Three load-bearing rules:

  1. Single source, pointers elsewhere. Every normative rule — including the mandatory stack list — lives in exactly one loadable home (the operating card, a named skill, or appendix-m for the stack). The project's CLAUDE.md carries a one-line pointer to that home plus only genuinely project-specific deltas, each delta backed by a deviation ADR (e.g., Ratiba's psycopg-for-LangGraph exception). Verbatim copies are forbidden: the 2026-06-11 assessment traced every contradiction pair it found (freezegun, the stack table stored three ways and wrong in all three, alembic-state, PR-state) to a hand-maintained copy that drifted (findings CE-5/PW-5). Drift is checked mechanically by scripts/check-canon-consistency.sh in this repo's CI, not by periodic human re-reading. Mandatory items remain non-negotiable per-PR; what changed in v3 is only WHERE they live — once, not four times.

  2. Deviation has an ADR cost proportional to the tier. Mandatory deviation: a new ADR in the project's docs/adr/ justifying why this project departs from canon. Default deviation: an entry in the project's existing ADR-0001 explaining the swap (no new ADR needed — the tech-stack ADR already exists). Forbidden tier has no deviation path; the cost is "you can't ship that and still claim to follow the methodology." This proportionality is what gives the tiers teeth — without it, every choice slides toward "default" and the list loses its enforcement value.

  3. The canonical stack is amended from real-project evidence, not from speculation. A library moves from default to mandatory only after ≥2 projects have shipped with it for ≥3 months. A library moves to forbidden only after ≥1 project has hit a real failure mode that the library caused (concretely cited in the canonical-stack appendix). New library additions land in the default tier first; promotion or demotion happens by amendment. This rule prevents the list from accumulating wishful-thinking entries that nobody actually uses.

Evidence: The current canonical stack is curated from the union of three S4U projects (Trust Relay, Zol-RAG, Ratiba.chat) with explicit "inspired-from" pointers per entry so the lineage is auditable. The mandatory items are the ones that all three projects shipped with from day one; the defaults are the ones that emerged as obvious consensus across the projects' early phases; the forbidden items are codified failures (e.g., the "no mocking by default" rule comes from Trust Relay losing two days to mock/prod divergence in 2026-Q1). The full stack list, organised by category (backend / frontend / data / testing / observability / infrastructure) with inspired-from references and deviation-rationale templates, is in appendix-m-canonical-stack.md.

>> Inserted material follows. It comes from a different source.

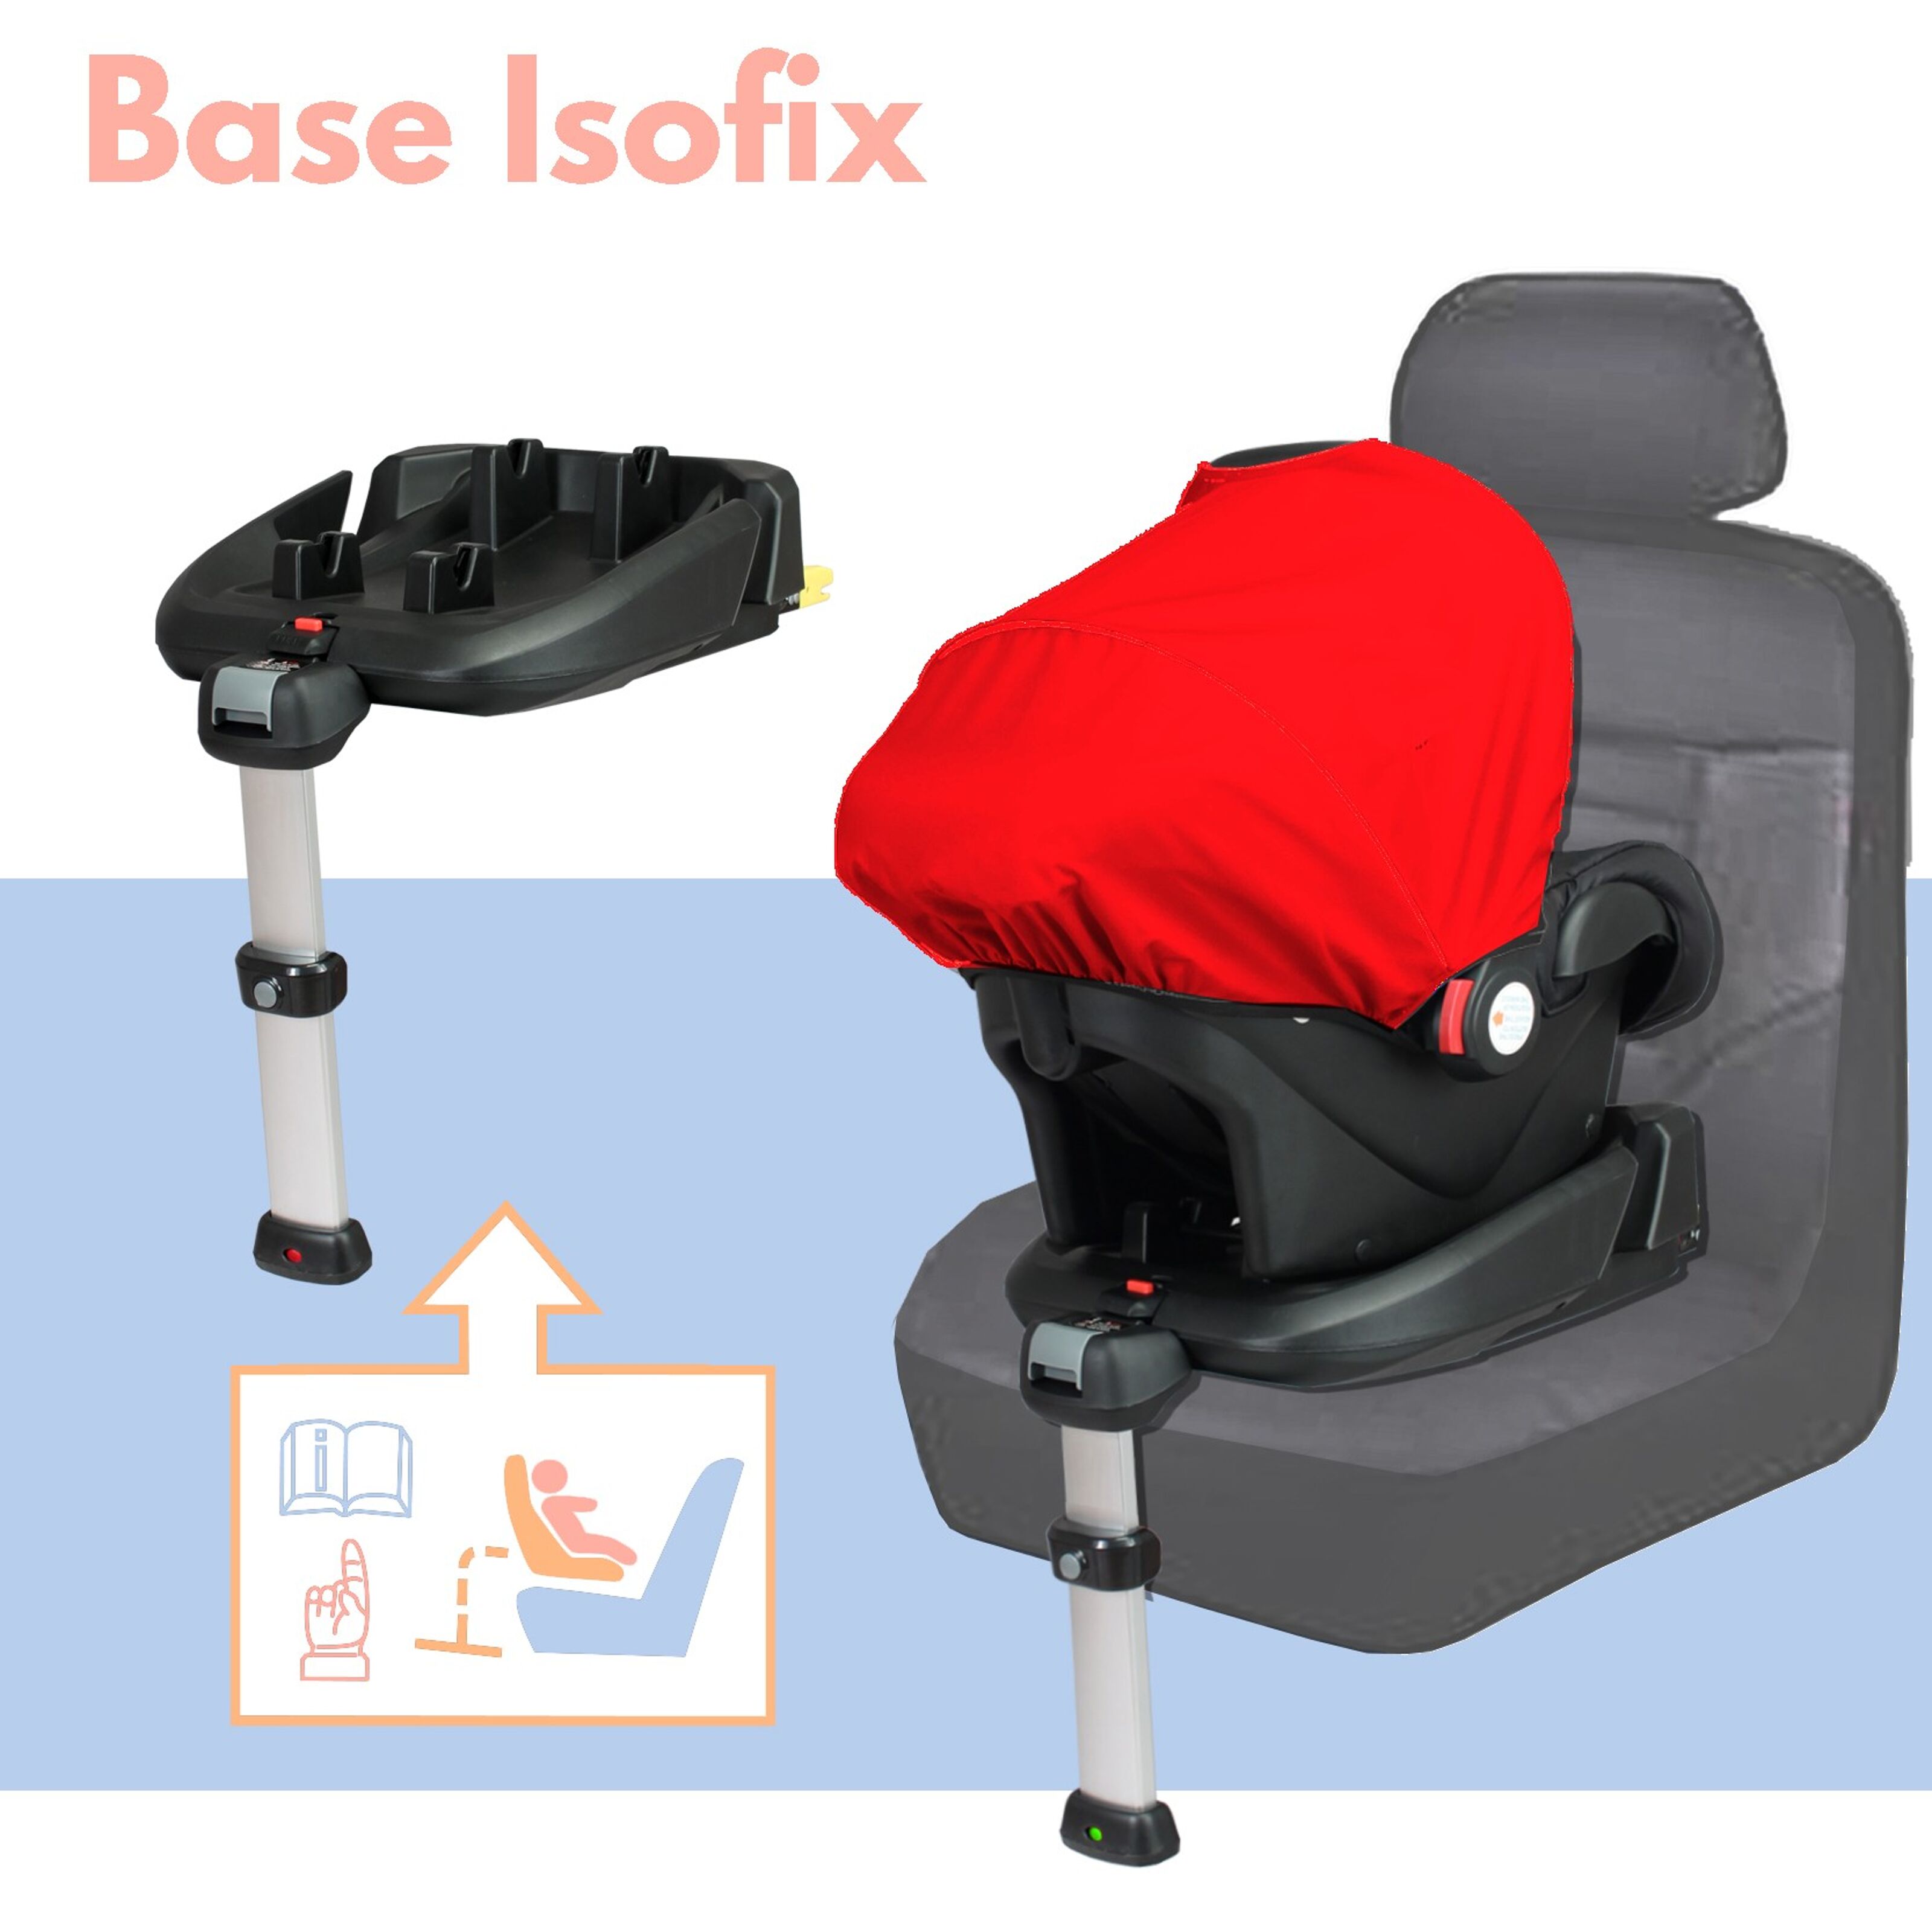 Achat Base isofix pour siège auto en gros

The canonical stack interacts with the rest of the methodology:

  • Project ADR-0001 (tech stack) becomes a thin amendment on top of the canonical stack, not a from-scratch derivation. Most ADR-0001s become 1-2 pages instead of 5-10.
  • §7 quality gates (no mocking, evidence-over-claims) are enforceable only because the mandatory tier guarantees the underlying primitives exist. structlog mandate makes "evidence is structured-log queries" a methodology rule rather than a project preference.
  • §5.6 product-scale planning includes a step "verify each milestone's ADRs reference the canonical stack" — drift between methodology canon and project ADR-0001 is a cross-consistency review issue.